Another plasma shot came far too close. “Now! Flarik, we need to get out of here—” Vas’s yell was cut off as the world turned to sparkles.
2
Everything around her went black, cold, and weightless. Vas couldn’t feel Ragkor even though she was sure he was still carrying her. She hoped this was a weird side effect from being pulled up through the particle mover on top of each other and not that she was actually dead. Her people had a surprisingly lively accounting of the afterlife, and while she didn’t think of their beliefs as hers much anymore—that had been something she’d been looking forward to.
That thought had just cleared her mind, when the world came back in a blaze of light, sound, and pain.
The entire world was sideways, and too damn bright. The particle mover should have brought them to the secret subdeck on the engineering level. Instead it looked like the med labs.
“We’ve got them, Mac. Gun it,” Terel, Vas’s medical officer, best friend, and chief know-it-all, said. “We’re under attack, you know.”
Vas tried to sit up, but ended up sliding back down. She couldn’t find any semblance of balance for a moment.
“What in the hell is going on?” Vas slowly moved over on the bed as she realized she was lying on something a bit too firm and muscular to be a med lab bed. Ragkor was out cold, but he didn’t look injured, in fact he looked so relaxed there was drool coming out one corner of his mouth.
“I told you, we’re under attack,” Terel said. “Did you hit your head when you landed?” She came closer and started lifting up Vas’s hair. “Did you get shot? And why the heck is this mess running loose?” Apparently satisfied that Vas’s mass of uncontrollable red hair wasn’t hiding a plasma burn, Terel nodded.
Vas got off her second-in-command and gingerly regained her feet. “Start from the beginning. You were supposed to sit here. Not move, not attack anything, and not get in trouble.”
Terel ran her hand through her hair in a move she’d copied from Vas. It looked more than a little odd with Terel’s dark orange feather-like hair.
“We were sitting here. Doing nothing. When an Orelian skip cruiser came through.” Her wince told Vas all she needed to know. Mac had an issue with an Orelian woman a few months ago. An amorous one that went horribly sideways. She’d been hunting for him ever since.
“Deithera found him.” Running her fingers through her own wild hair at the amount of trouble her pilot could get into reminded her of Terel’s comment about the hair. To look a little less like herself, Vas had forsworn her trademark long braid and gone for a single ponytail high on her head. Judging by the masses of hair around her shoulders, the band holding it had busted sometime during the transfer up to the ship.
“So, she’s shooting at us, to get back at us for whatever in the hell Mac did to her?” That seemed a little extreme, even for the kind of drama girls Mac went for. Knowing Mac, he simply called the girl by the wrong name.

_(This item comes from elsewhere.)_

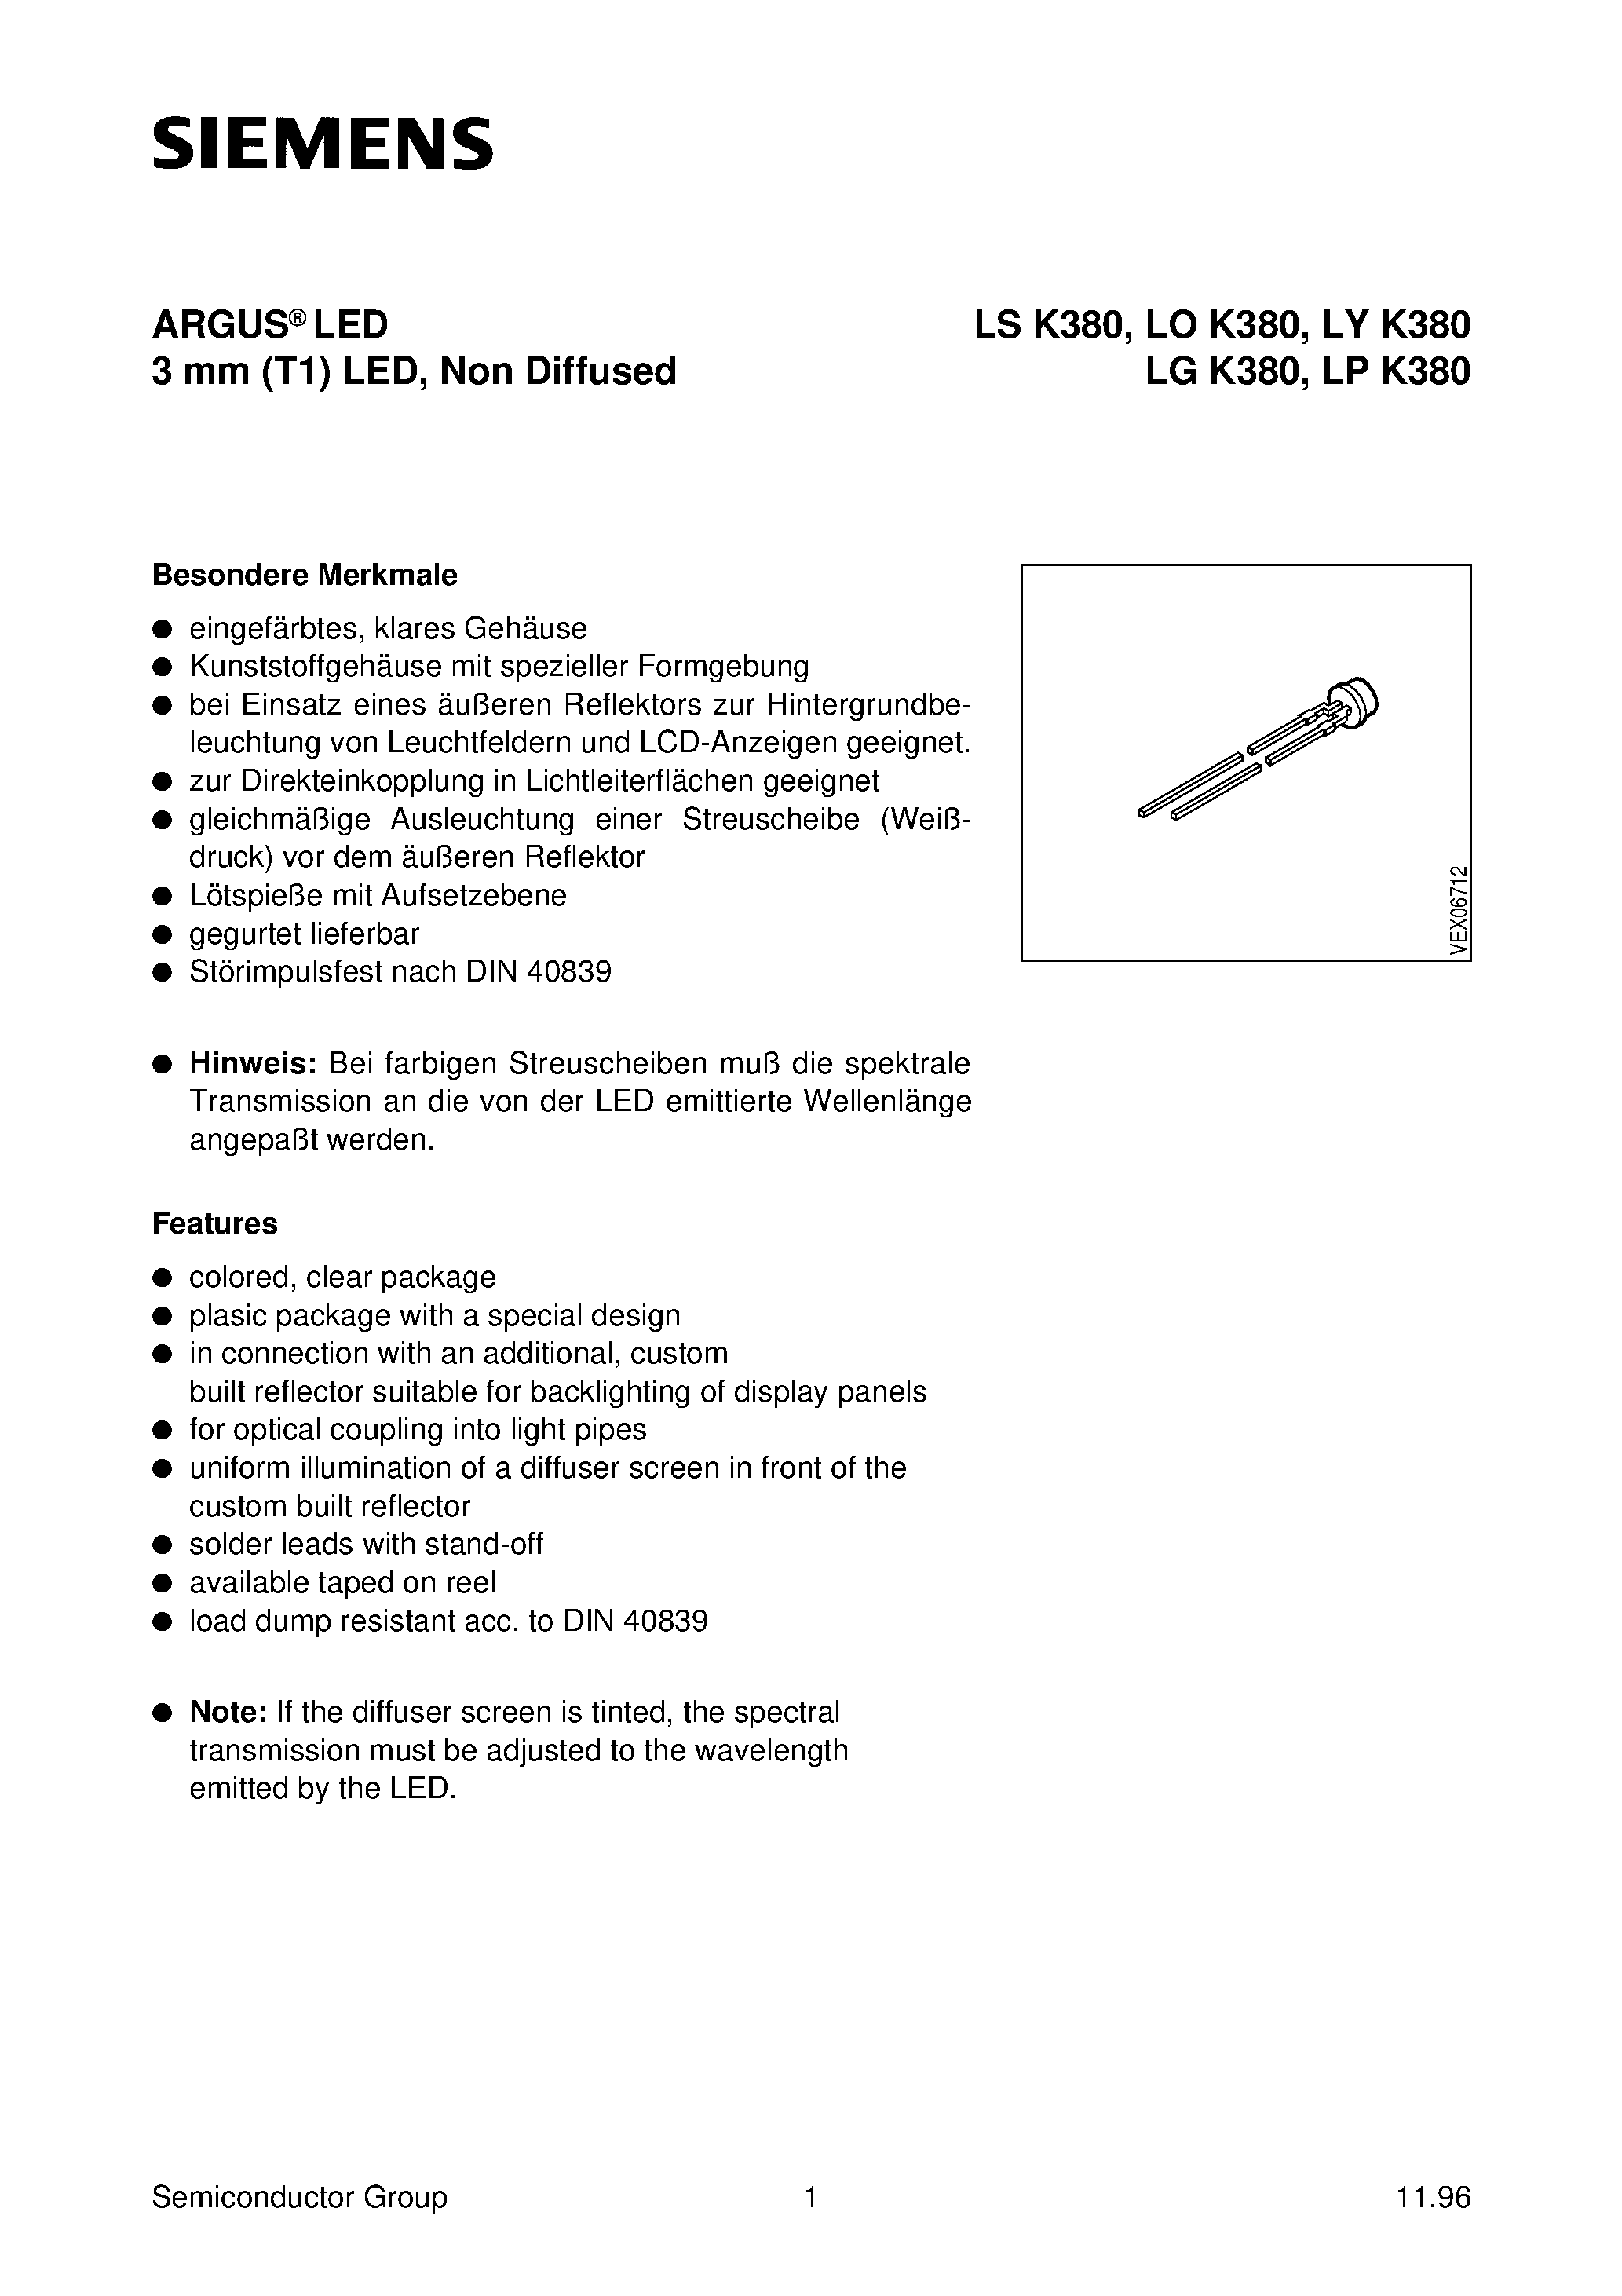 Datasheet LSK380-Q - ARGUS LED 3 mm T1 LED / Non Diffused page 1

“Well, it looks like the girl had brothers, and they’re not happy about the situation either, so they found us and are putting an electro net around the ship.” Terel was suspiciously at the other end of the room from Vas when she let that last bit out.
“An electro net? On my ship?” Electro nets were high-end business, they were also illegal as hell. They could fry every bit of electronics on a ship, leaving it primed to be boarded or blown up.
Vas headed for the doors.
“It’s not functioning yet, from what we could tell, but we thought it might be better to have the particle mover send you here instead of engineering. Our shielding operates a bit differently down here. If the power cut out we’d still be functioning for a little bit.”
Vas paused at the doorway and pointed a finger at her sleeping second-in-command. “Why is he out cold, and is he okay?”